## About this task:
The answer is the full listing restated exactly, without any pictures.

## Collected data:
════════════════════

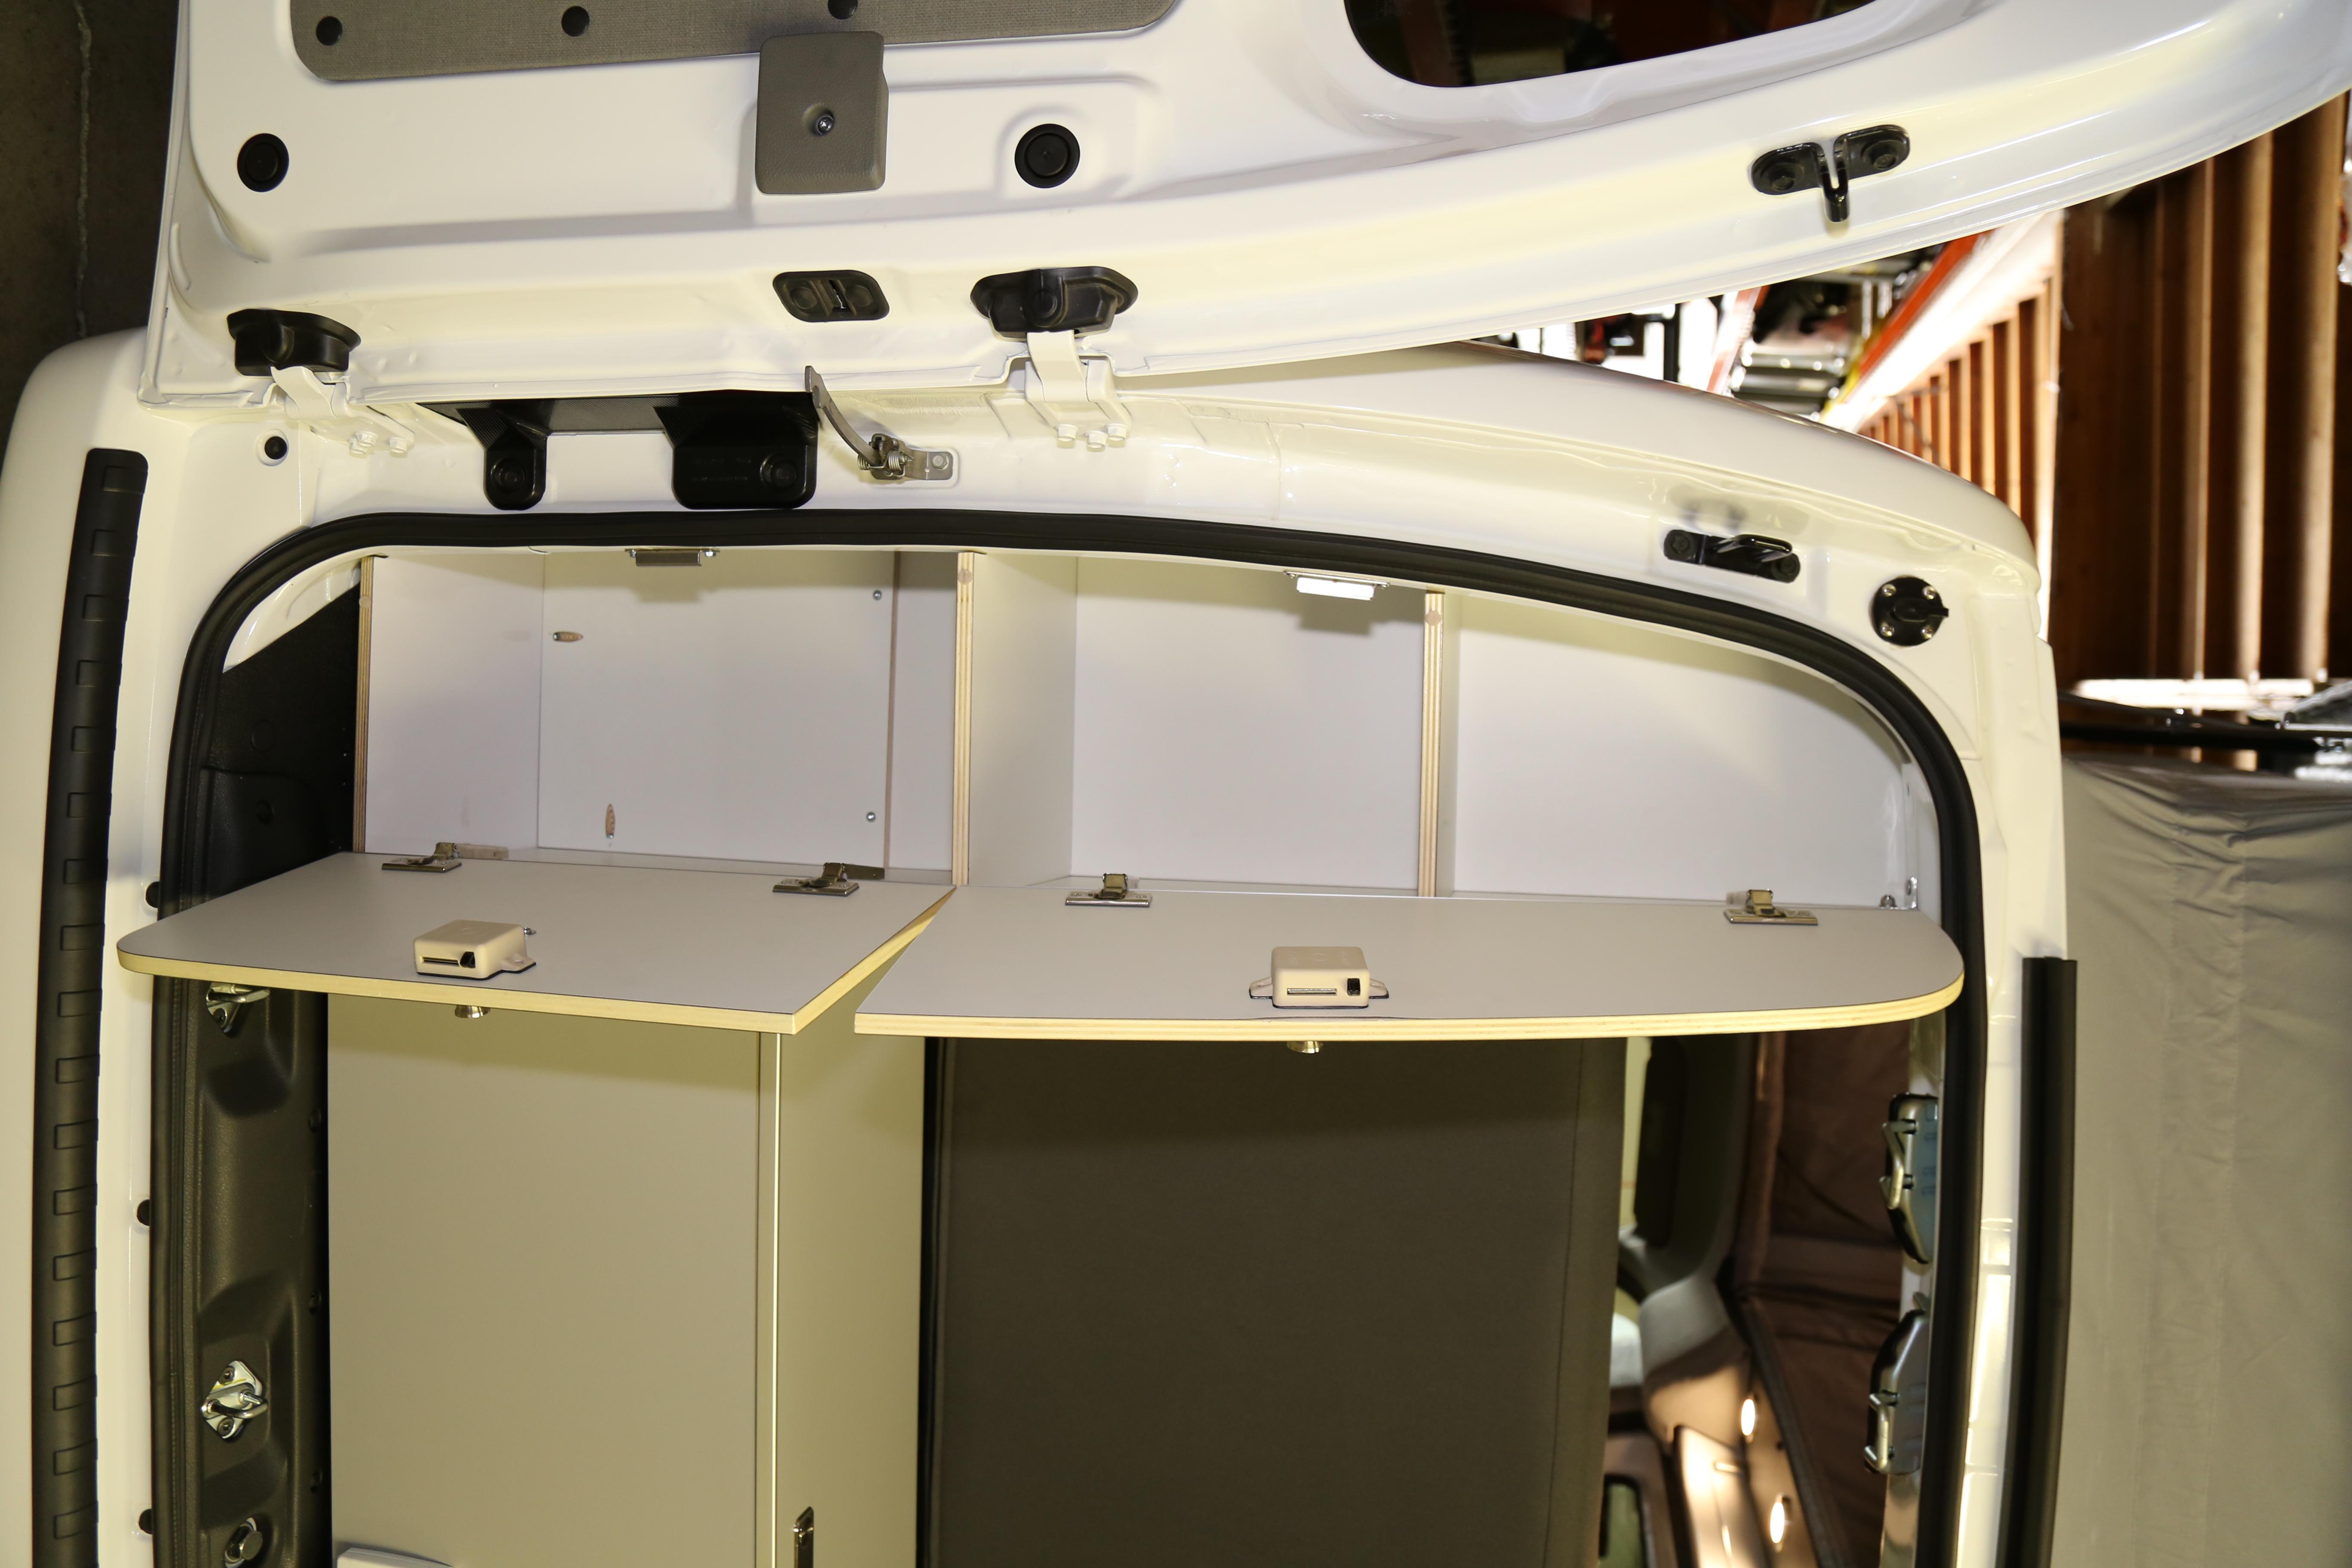 Rear cabinet storage
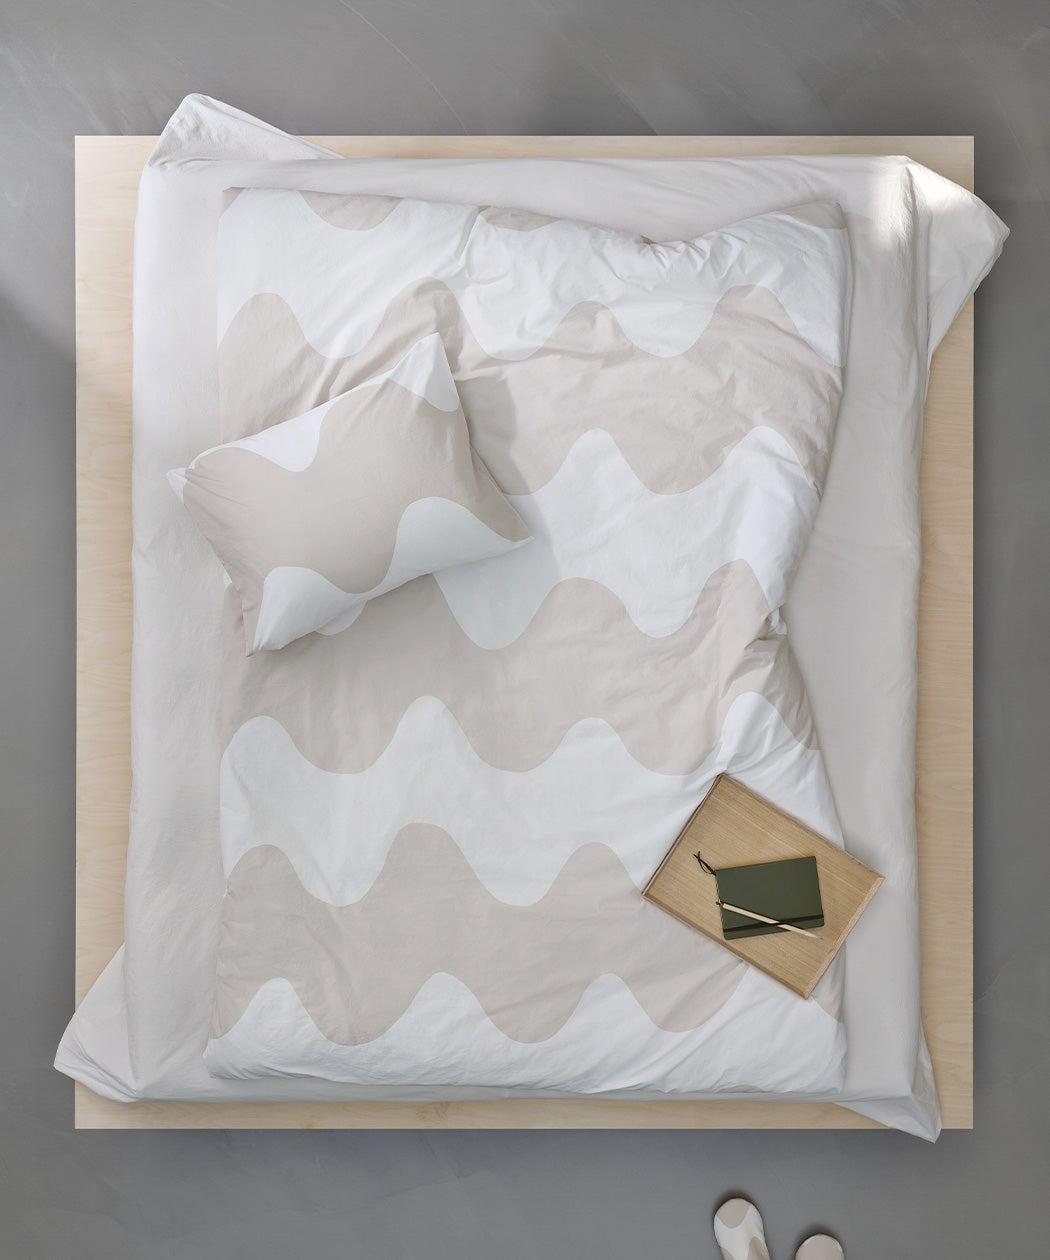 Marimekko Lokki bed linen
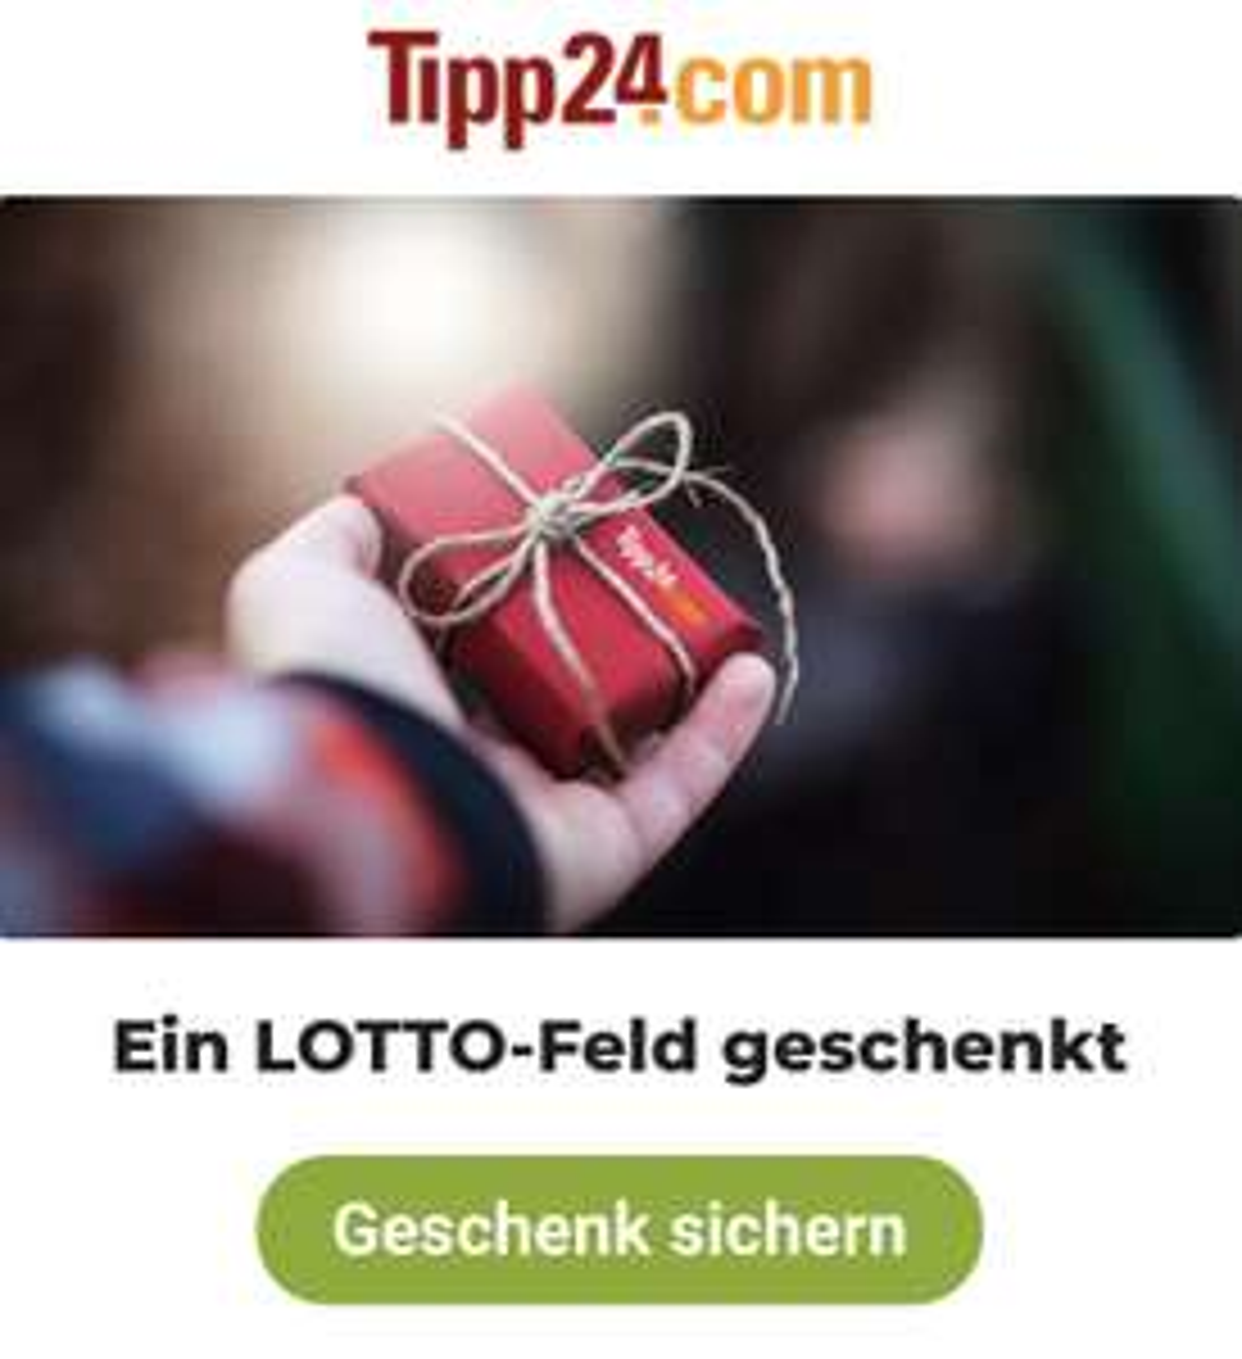 Ein LOTTO Feld geschenkt - Tipp24.com

════════════════════

## Answer to the problem:
 Rear cabinet storage
 Marimekko Lokki bed linen
 Ein LOTTO Feld geschenkt - Tipp24.com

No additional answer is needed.